137 examples of COBOL → Java translation pairs (124 train / 13 val), generated and calibrated against base-model pass-rate to avoid both "too easy" and "too hard" extremes.

failure mode count
comp3_precision 19
redefines_aliasing 16
evaluate_when_other 15
packed_vs_display 15
occurs_depending 12
multi_format_input 11
eighty_eight_levels 8
perform_varying_complex 3
string_pic_width 3
anti-forgetting holdouts (from SFT v1.5) 35

Calibration: every candidate example was run through the base model 5 times. Examples passing all 5 (44) or none of 5 (93) were rejected, leaving 137 in the difficulty-1/2/3 sweet spot.

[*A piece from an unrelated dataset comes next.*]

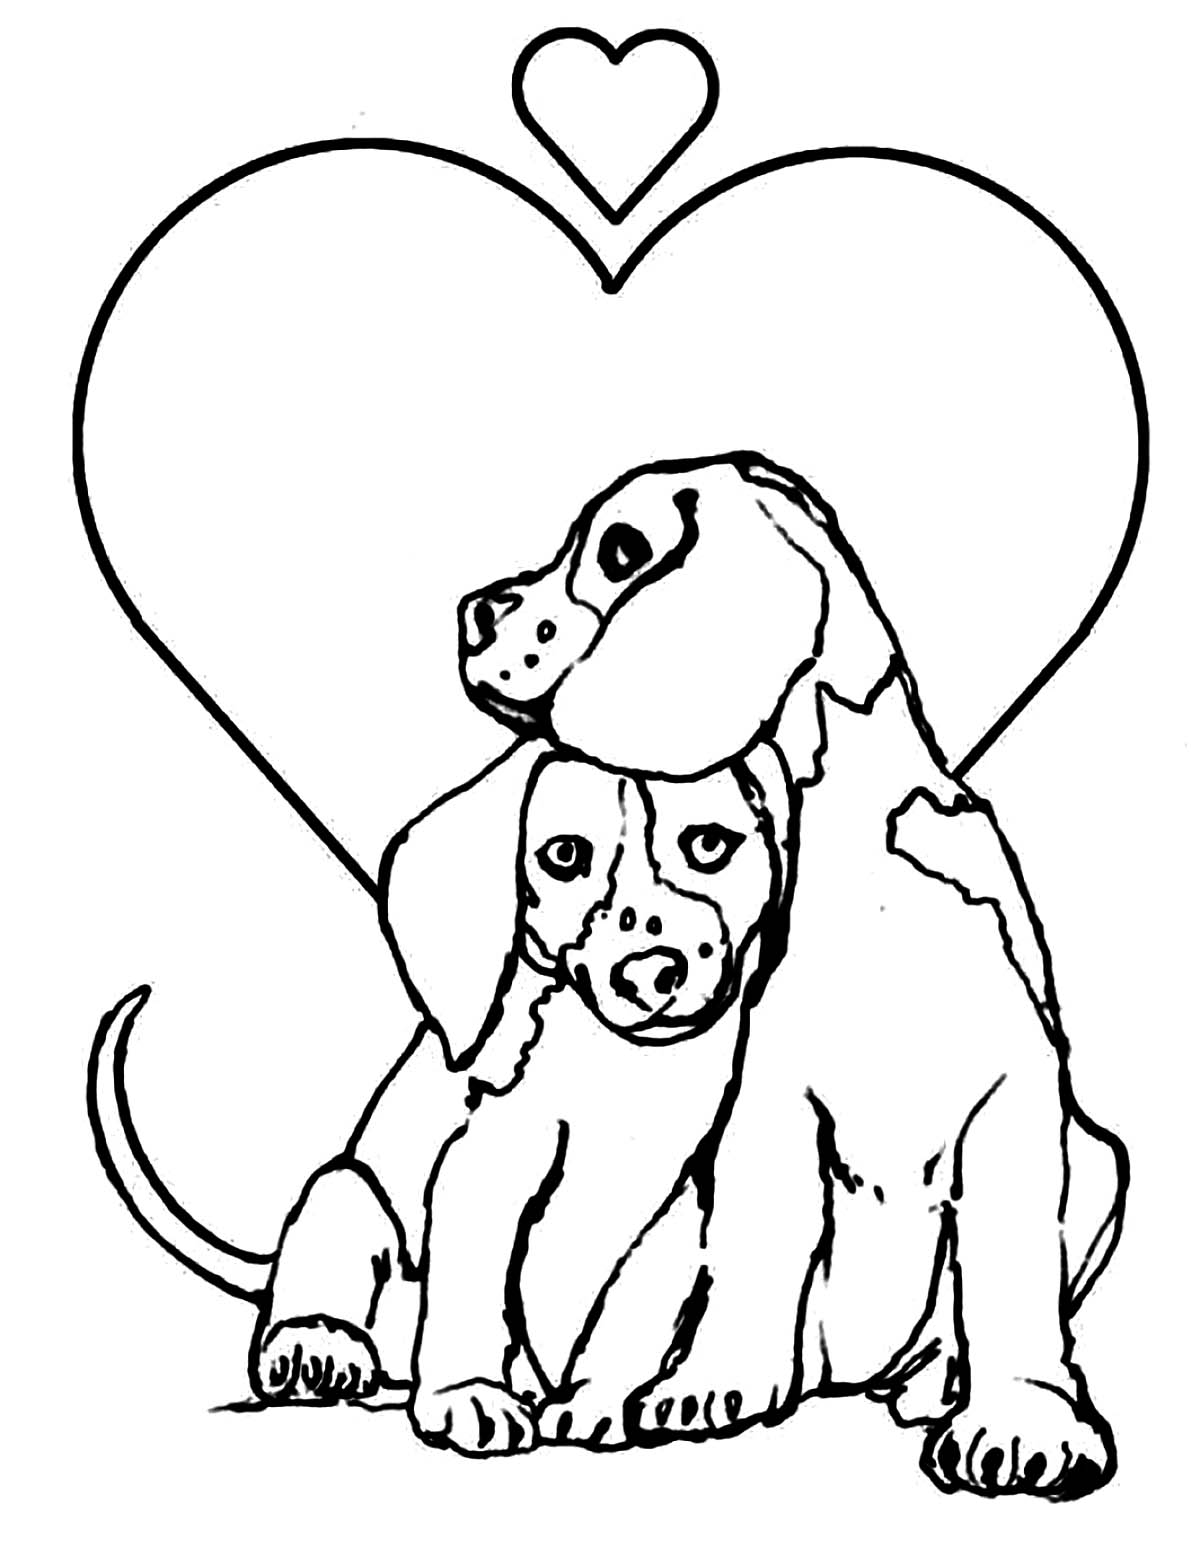 Tranh tô màu hai chú chó và hình trái tim

Source mix: 102 v2.1 hard-synthesis + 35 anti-forgetting holdouts from SFT v1.5 (axel-1's parent dataset).


Usage

from peft import PeftModel
from transformers import AutoModelForCausalLM, AutoTokenizer
import torch

base = AutoModelForCausalLM.from_pretrained(
    "mistralai/Ministral-3-8B-Instruct-2512",
    torch_dtype=torch.bfloat16, device_map="auto",
)
model = PeftModel.from_pretrained(base, "axeltta/mistral-axel-2")
tokenizer = AutoTokenizer.from_pretrained("axeltta/mistral-axel-2")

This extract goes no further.